I think that Sems got really lucky, in 75 plate appearances, to have as many hits go for HRs as he did, which skewed his HR % higher than should be and his XBH % lower than should be (again the perils of using such small sample sizes). In fact, those HRs that he hit were his only extra-base hits of the season. And, as his BABIP of 0.279 shows, he was not getting hits on balls in play very often, meaning that he was making really weak contact or hitting it right at the defense, or both. Regardless, I think that the AVG & BABIP would’ve regressed back to 2019 numbers and, even with the lower contact, Sems still managed to be a productive player with his wRC of 12.48 because he drew so many walks.
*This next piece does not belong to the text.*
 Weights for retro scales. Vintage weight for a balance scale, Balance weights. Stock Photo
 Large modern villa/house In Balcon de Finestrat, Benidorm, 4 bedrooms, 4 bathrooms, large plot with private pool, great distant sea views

James Cosentino had one of the most interesting profiles in the conference after the 2019 season. He didn’t do anything particularly well except get on base at an above-average clip for one reason only: he was hit by 22 pitches in 2019. Naturally, such a thing isn’t really repeatable and he’d only been hit by 1 by the time the season ended leaving him with a poor OBP and wOBA.
He just doesn’t really *do* anything at the plate, although he was hitting HRs more frequently through his first 72 plate appearances. But we have no idea if that would’ve continued through the remainder of the season (I’m betting not). Beyond that, he didn’t add very many other extra-base hits or anything else really. His wOBA of 0.228 shows just how bleak things were for Cosentino.
His BABIP of 0.196 wasn’t helping things either and is so low that he either became the worst hitter in the conference or had a lot of things working against him in the early parts of the season. I don’t think that Cosentino is a 0.179 hitter, but I don’t think his average was going to climb super high. At some point, BABIP is controllable by the hitter with their quality of contact and it doesn’t look like Cosentino was making good contact. His wRC of 3.26 is one of the worst marks in the league and only propped up by his 72 plate appearances.
Nolan Metcalf had a remarkable power surge as a junior, posting a strong wOBA of 0.357 despite a batting average of just 0.244. However, his BABIP of 0.296 and average or above hard contact numbers (XBH % and HR %), indicate that he may have fallen victim to hitting the ball hard, but directly at the defense. Of course, deciphering exactly what caused that low BABIP is going to be extremely difficult with only 51 plate appearances to work with, but again, that’s what we’ve got to work with.
His BB % of 11.76% is just barely average, but he did also get hit by 3 pitches in the early goings of 2020 which helped boost both his OBP and wOBA up to respectable levels. The K % of 23.53% isn’t great, but you’ll live with it if 20% of his hits are going to go for HRs.
Skylar Messinger didn’t really change much from last season. He did improve his BB rate up to 11.59%, sneaking just above league average after hovering around 8.4% in 2019. But his power numbers fell (except for his HR rate because he hit 1 in 69 PA vs 2 in 239 in 2019) and his K rate remained where it was back in 2019.
His BABIP of 0.326 indicates that there’s no reprieve on the horizon for Messinger; his poor batting average is a product of his inability to hit the ball hard for hits. Despite being a junior, there aren’t many positive in Messinger’s profiles which bodes poorly for his future opportunities in baseball. It’s a pretty unremarkable profile and there’s not much to say about Messinger.
Zach Hanna is another Kansas hitter who just doesn’t really do anything notable, good or bad. Walks infrequently and strikes out a lot. That’s a bad combination. He doesn’t hit for power and doesn’t get hits. The BABIP of 0.286 is really low, but of course, so is his batting average of 0.213. There aren’t any positive signs in Hanna’s profile and as a Redshirt Senior, his season and likely his career ended on a downswing unless he returns for an extra year given the NCAA’s decision.